Do our children really love us?
The way we were raised by our parents was with a mixture of emotions, which included, besides love and care, threats and thrashes. To many of us, there was a showdown of fear and anger from our parents. As kids, we did not give an ear to our parents and we were indisciplined to the core. Now it’s our turn. We’re pretty much doing the same thing our parents did with us, to our kids. So, now the question is – do our children really love us?
Parents these days primarily operate in the extremes. There are those who smother their children with goodies to the extent that these children are spoilt, while the others are extremely rigid with their children. These parents also use fear and anger as mediums to control their children. There are very few parents who genuinely love their children and at the same time let them know what they are allowed to do and what is not. Children often react to their parents with fear rather than with love. They are attached no doubt, which is what makes them spend time with their parents. However, the children themselves transform as adults.
I remember an experience that I witnessed which can bring more clarity to what I am trying to communicate to you.

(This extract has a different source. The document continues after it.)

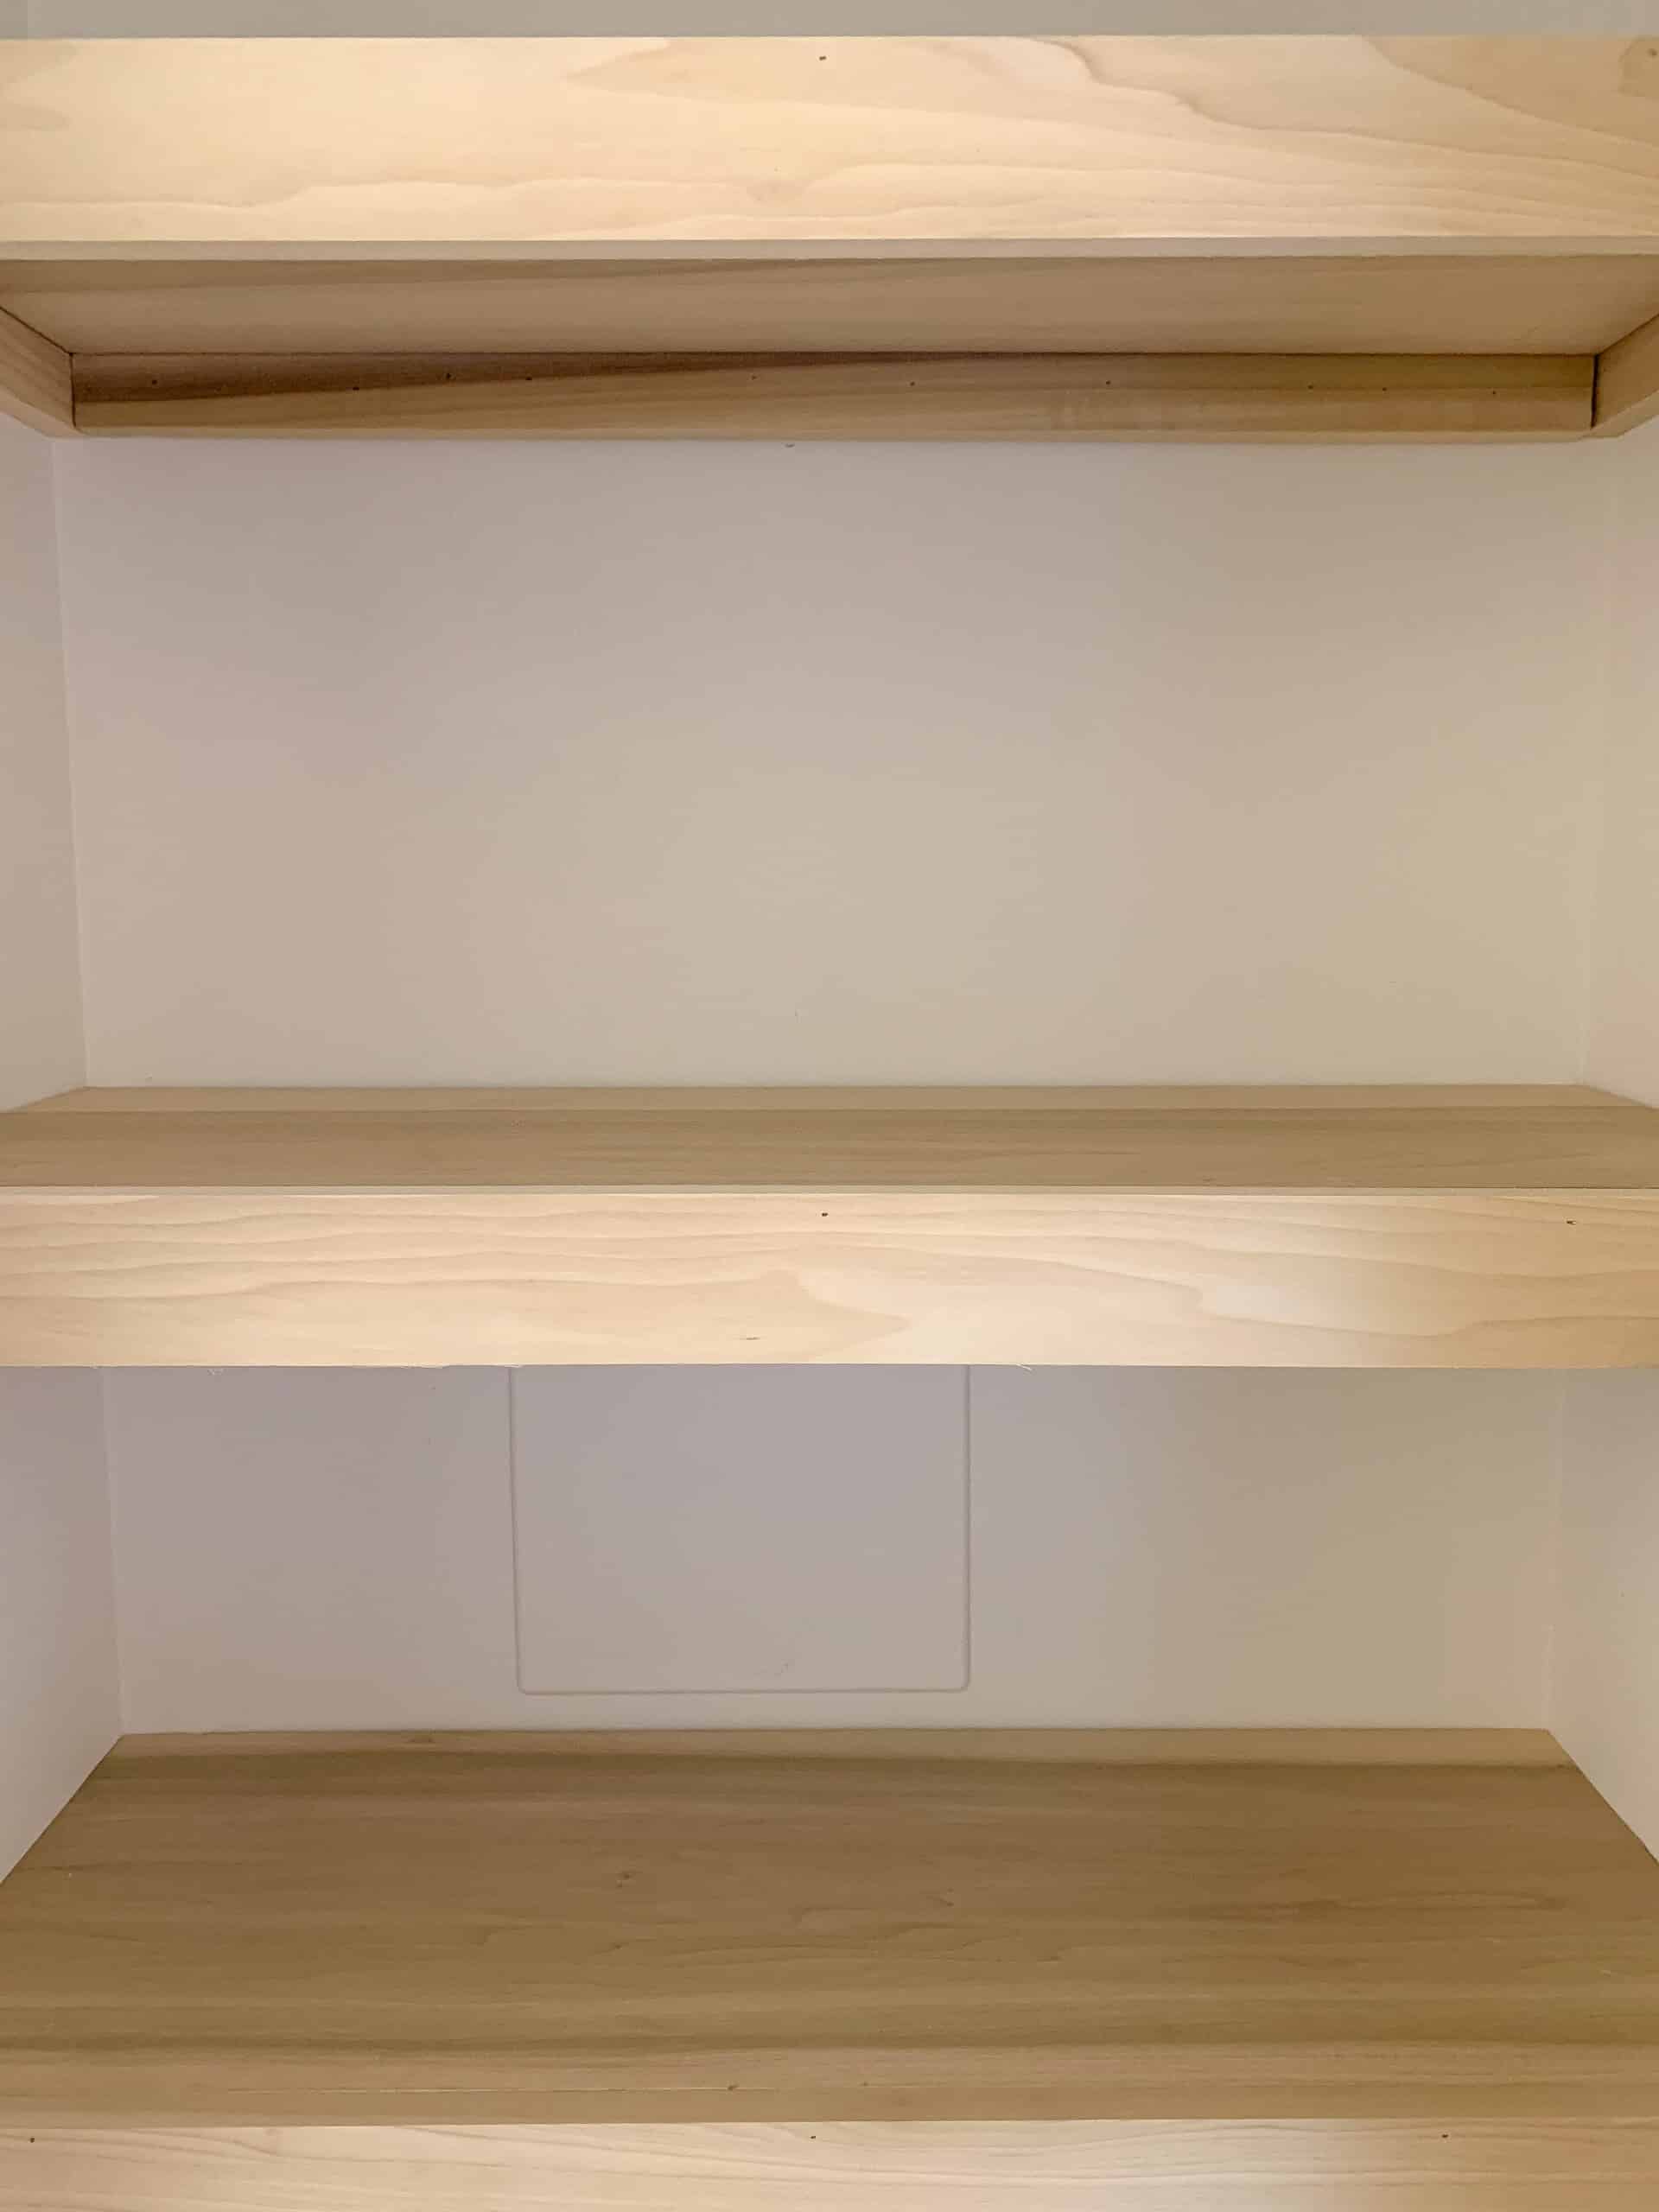 Easy Diy Closet Shelves Tutorial, Do It Yourself Shelves For Closet

How your behaviour shapes you
A man came to me for consultation. He was from Haryana. This man had a rather bizarre case. He told me that every two years, he sells his high budget car and buys another one of the same company and the same or a better model. He is unable to control his urge and wanted to know why he did this. After performing his Nadi Pariksha, I asked him whether he loved cars and whether his father refused to buy toy cars when he was young. He said yes. Bingo! That was the answer. Because his father did not buy the toy car when my client was a child, he went on a car buying and selling spree.
There is a funny side to this story. He, not only bought cars every two years, he also purchased lots of toy cars for his son to play with. However, his son is least interested in toys.
Do we secretly want our children to love us?
More often than not, parents who come for consultation with their children, allow their children to have a free run with their mobiles. Their mobile devices are loaded with games to keep their children engaged.
Pampering and spoiling your children won’t get them to love you more. You must demonstrate your love for them and that is how they learn.
How children behaviour harm their health
When children behave, they are shaping their attitude and their persona forms as a result. Health is a persona or something that others perceive when they look at you. When your attitude changes, your persona too gets influenced or impacted.
For example; when a child gets angry, his or her persona changes from being calm to being irritable. Their persona shows off irritability and their attitude becomes rude. Repetitive behaviour makes such children believe that they are normal. As age progresses their behaviour makes them psychologically depressed, angry, and emotionally volatile. They turn out to be dull children who take drastic decisions.
Physically, children are likely to develop gall bladder stones, hyperacidity, acidic indigestion, migraines and such other pitta related symptoms early in their life.
Help children be love
Children are naturally loving. That is their true nature. However, as they grow, they learn behaviour which, most of the time, takes them away from being love. The way they learn is by observing the older people around them which include parents, grandparents and other older relatives. Therefore, it is important to instil examples that are appropriate for them to be nourished and nurtured with.
Some of the examples you can set to your children are as below;
- Help your children improve their self confidence
- Assist your children in developing their self worth
- Help your children be love
Children love you only because you love them. They won’t know how to express their love if you did not do so. Mentoring your children is not the same as spoiling your children or regimenting them. I’d like to end by saying, be the example you want your children to follow.